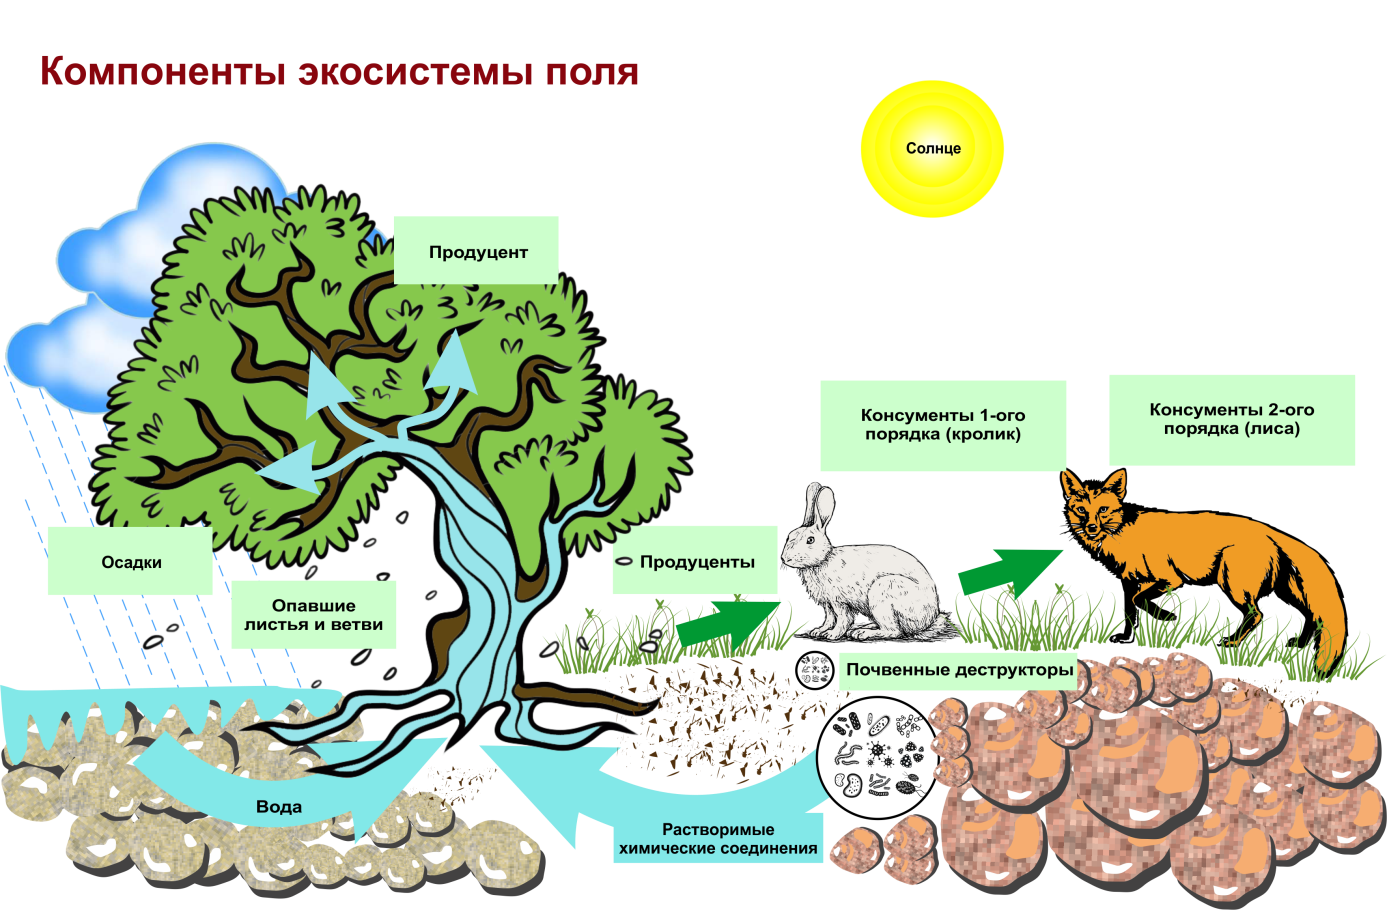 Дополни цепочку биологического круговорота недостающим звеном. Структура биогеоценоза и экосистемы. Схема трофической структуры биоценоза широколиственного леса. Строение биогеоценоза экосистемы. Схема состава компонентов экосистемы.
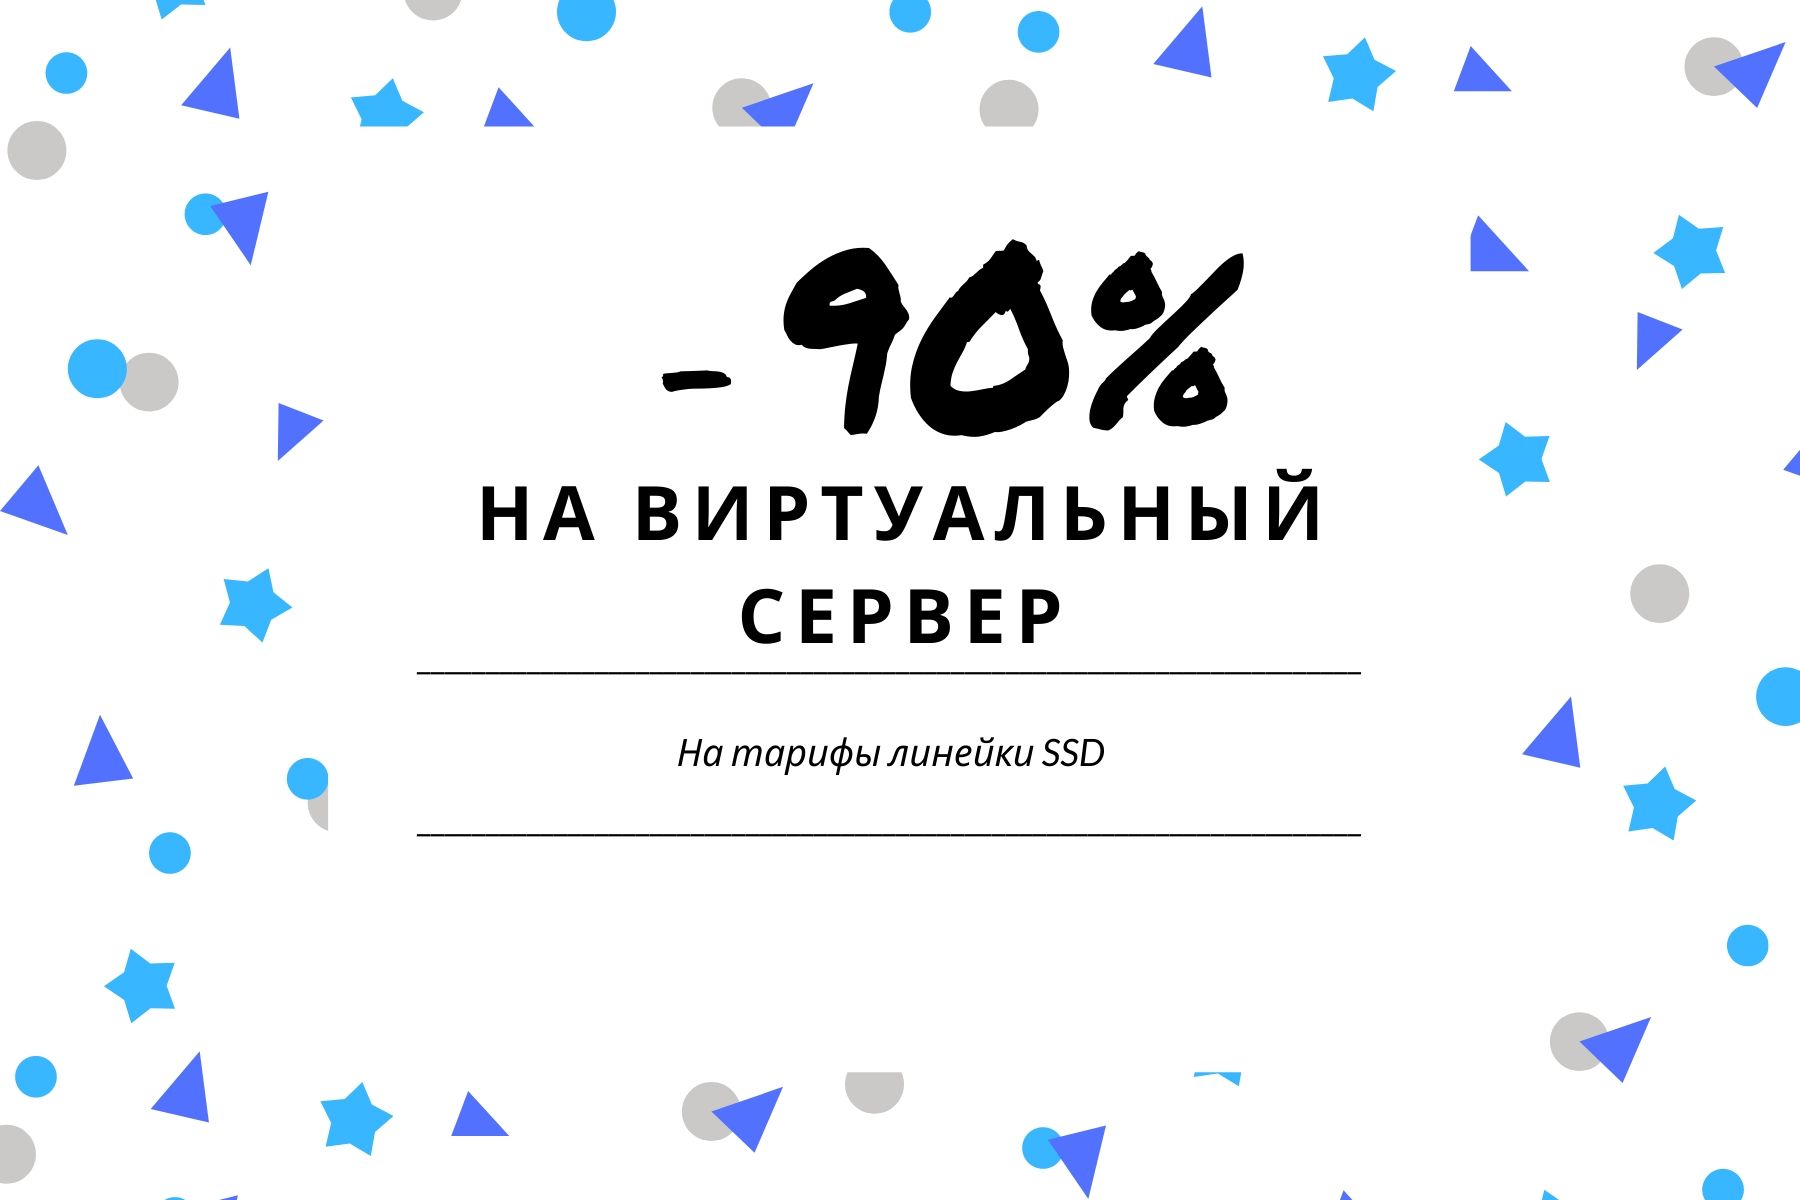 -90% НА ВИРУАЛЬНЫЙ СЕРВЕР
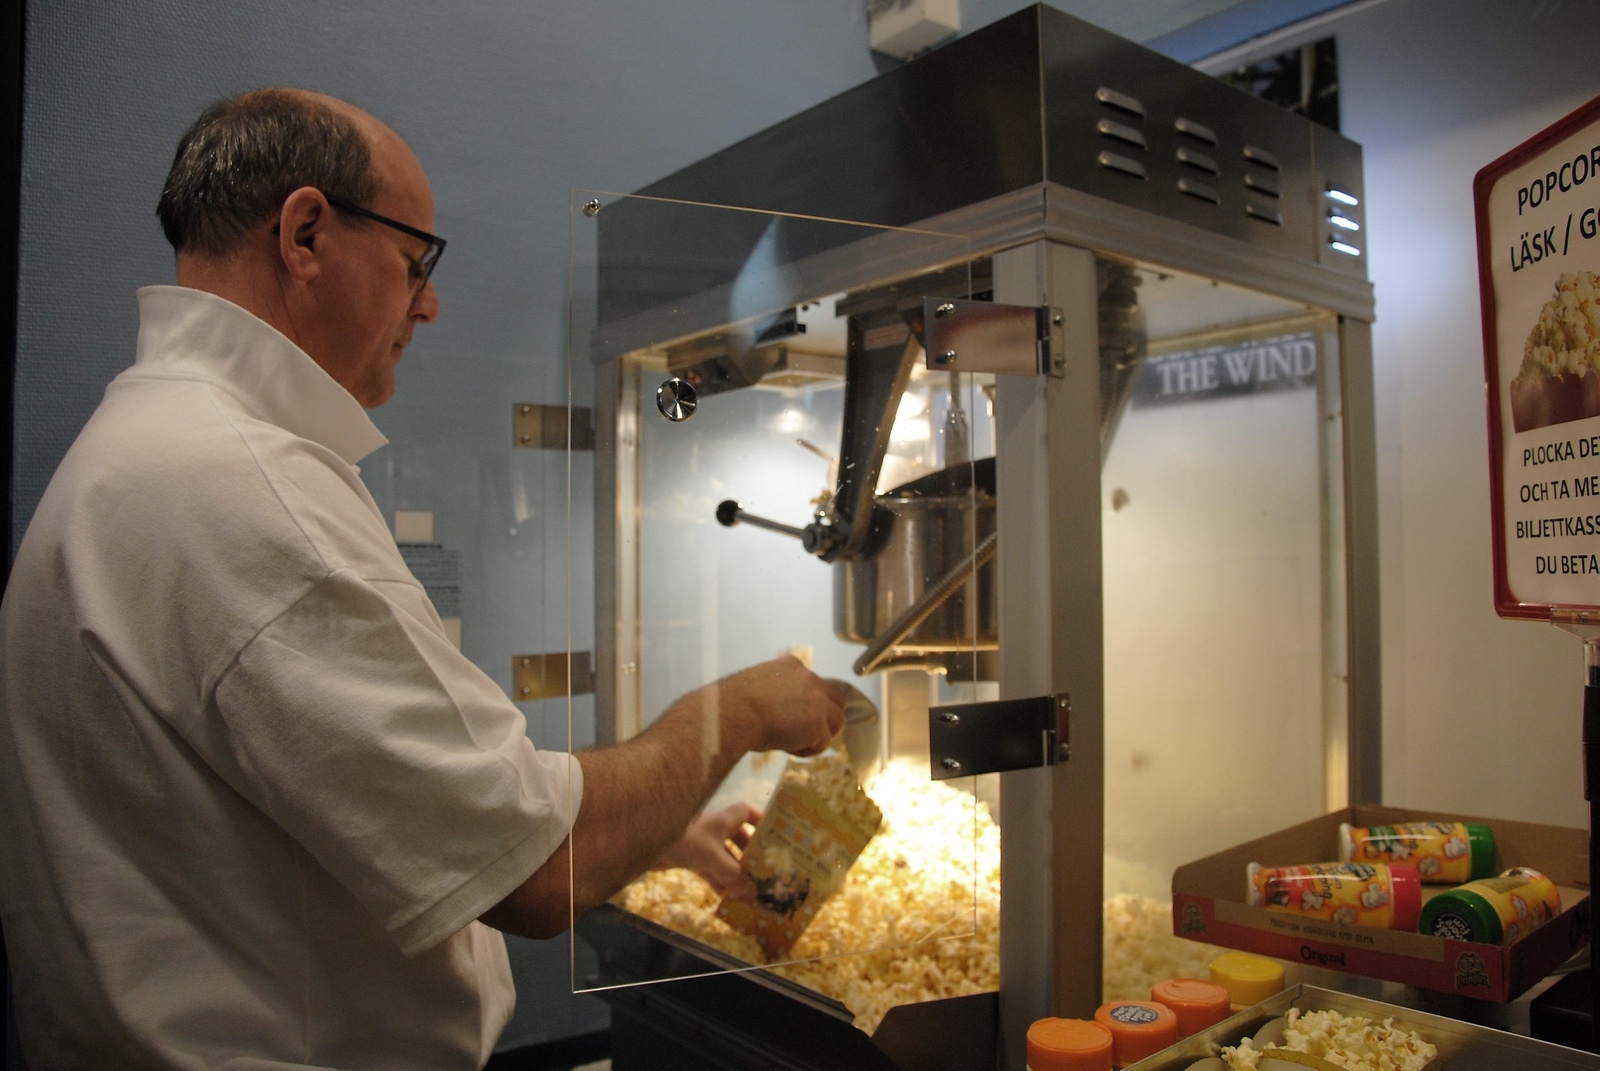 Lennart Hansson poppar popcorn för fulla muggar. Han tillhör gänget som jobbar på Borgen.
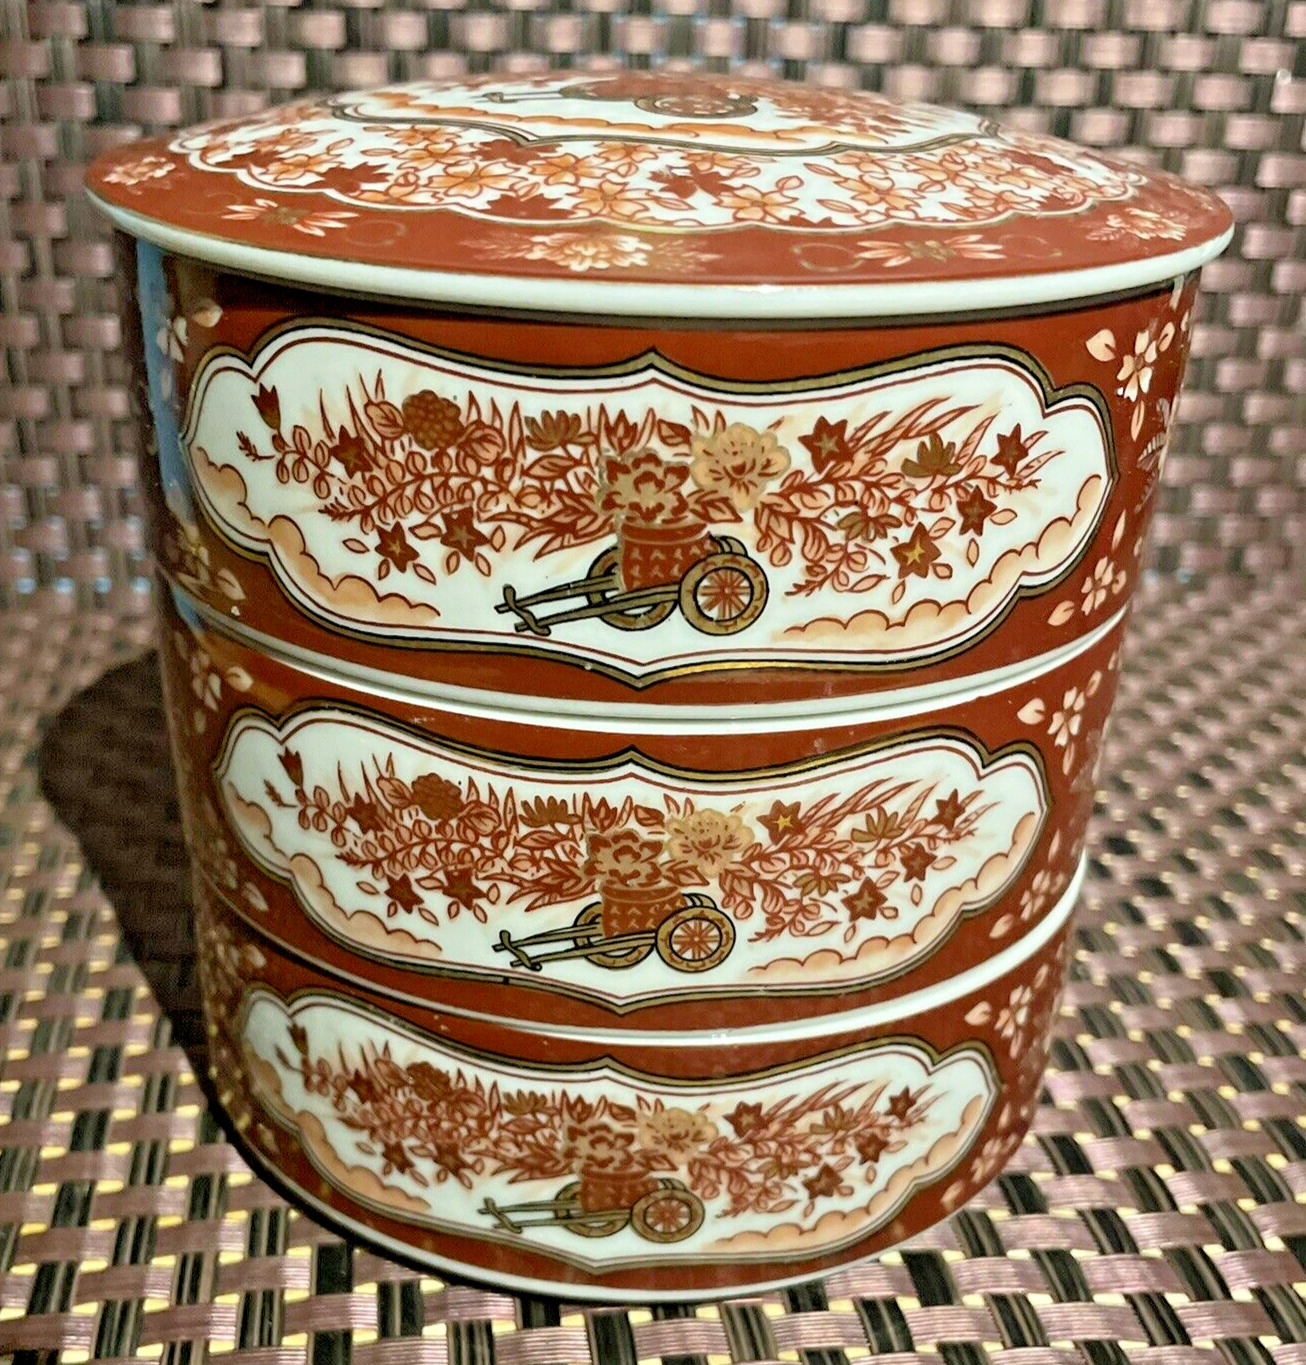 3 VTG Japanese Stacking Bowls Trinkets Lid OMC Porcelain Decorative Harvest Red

==============================

ACTIVITY | Without including any picture, copy the listing above exactly and in full.

ANSWER AREA |
 Дополни цепочку биологического круговорота недостающим звеном. Структура биогеоценоза и экосистемы. Схема трофической структуры биоценоза широколиственного леса. Строение биогеоценоза экосистемы. Схема состава компонентов экосистемы.
 -90% НА ВИРУАЛЬНЫЙ СЕРВЕР
 Lennart Hansson poppar popcorn för fulla muggar. Han tillhör gänget som jobbar på Borgen.
 3 VTG Japanese Stacking Bowls Trinkets Lid OMC Porcelain Decorative Harvest Red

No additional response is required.